Verkaufstalent und Leidenschaft für das Produkt gehören zusammen: „Ein Teilbereich meiner Arbeit ist das Marketing,und auch hier steht meine Leidenschaft für die Menschen,denen ich etwas verkaufen möchte, im Vordergrund – und die für den Käse. Vor kurzem habe ich den Film Jerry McGuire mit Tom Cruise gesehen. Ein Satz dort trifft den Nagel auf den Kopf: Ohne Nächstenliebe lässt sich nicht einmal eine Stecknadel verkaufen. Genau das versuche ich den Handelsvertretern, die ich ausbilde, zu vermitteln.“

Die Schulung von Handelsvertretern ist ein weiterer Bereich von Giorgios Arbeit: „Da ich häufig viel Zeit mit einer Person verbringe, bieten sich immer wieder Möglichkeiten eines Gesprächs auf mehr persönlicher Ebene. Mir ist es wichtig, den Menschen offen und mit Natürlichkeit zu begegnen. Daher kommt es öfter vor, dass ich mit den Menschen über Gott sprechen kann.“

Arbeit wächst aus der Liebe

„Einmal“, erzählt Giorgio, „habe ich das Firmenauto auf einem etwas abschüssigen Parkplatz vor einer Kirche abgestellt, doch ich hatte vergessen, die Handbremse zu ziehen. Während ich in die Kirche ging, setzte sich das Auto in Bewegung, ohne dass ich es bemerkte. Die Polizei bemerkte es sehr wohl und rief in der Firma an, und mein Chef wollte von mir wissen, was passiert war. Natürlich war er alles andere als begeistert über den Vorfall, aber nachdem ich ihm erklärt hatte, dass ich das Auto dort abgestellt hatte, um an einem Werktag in die hl. Messe zu gehen, sah er es mir gleich nach.“

Talente sind Geschenke, der Erfolg kann aber nur durch die tägliche Arbeit einsetzen. Gemeint ist dabei nicht eine Arbeit,die ausschließlich zur Selbstverwirklichung dient. Wie der hl. Josefmaria sagte: „Die Arbeit wächst aus der Liebe, ist Zeichen der Liebe und zielt hin auf die Liebe.

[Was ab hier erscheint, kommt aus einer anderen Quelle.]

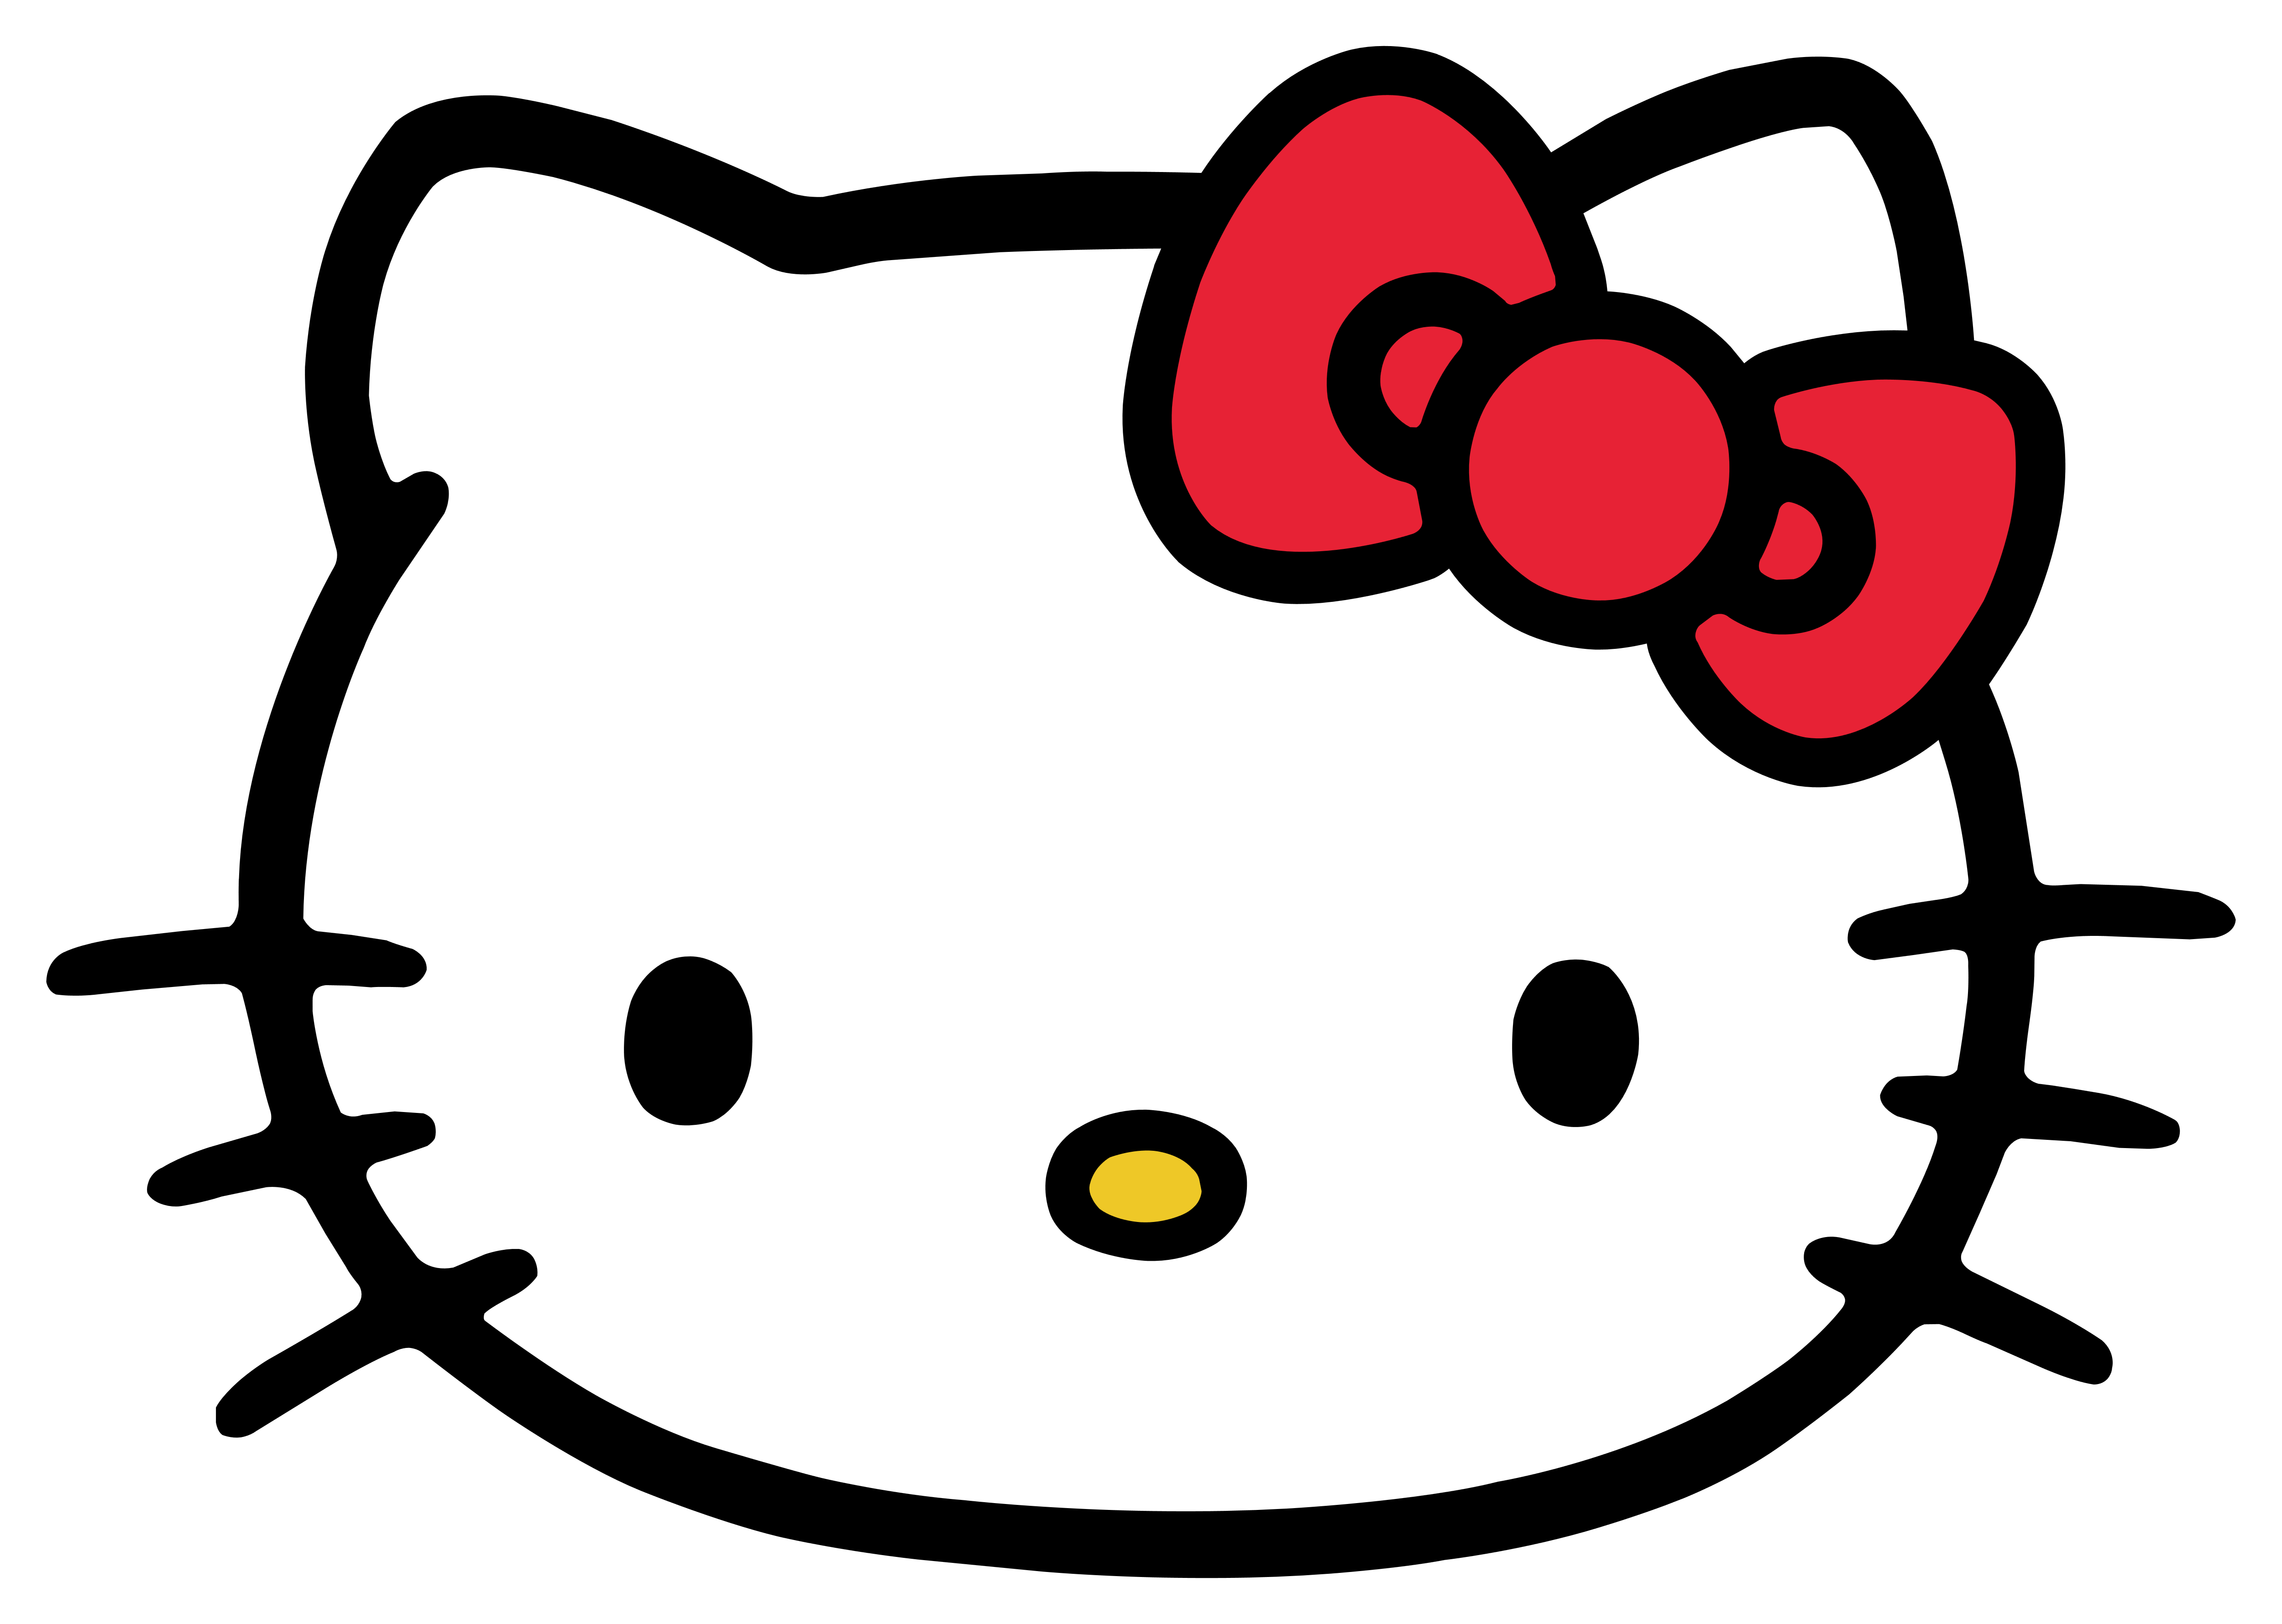 Hello Kitty – Logos Download

Letzten Sommer begegneten Giorgio und seine Familie dem Prälaten des Opus Dei, Fernando Ocariz, auf seiner Pastoralreise durch Norditalien. Giorgio brachte ihm bei dieser Gelegenheit als Geschenk natürlich Käse mit. Giorgio überreichte ihm den Käse mit dem Hinweis, „dass Käse manchmal einen sehr unangenehmen und intensiven Geruch verströmt“, worauf ihm der Prälat entgegnete: Das ist ein Zeichen, dass er gut ist!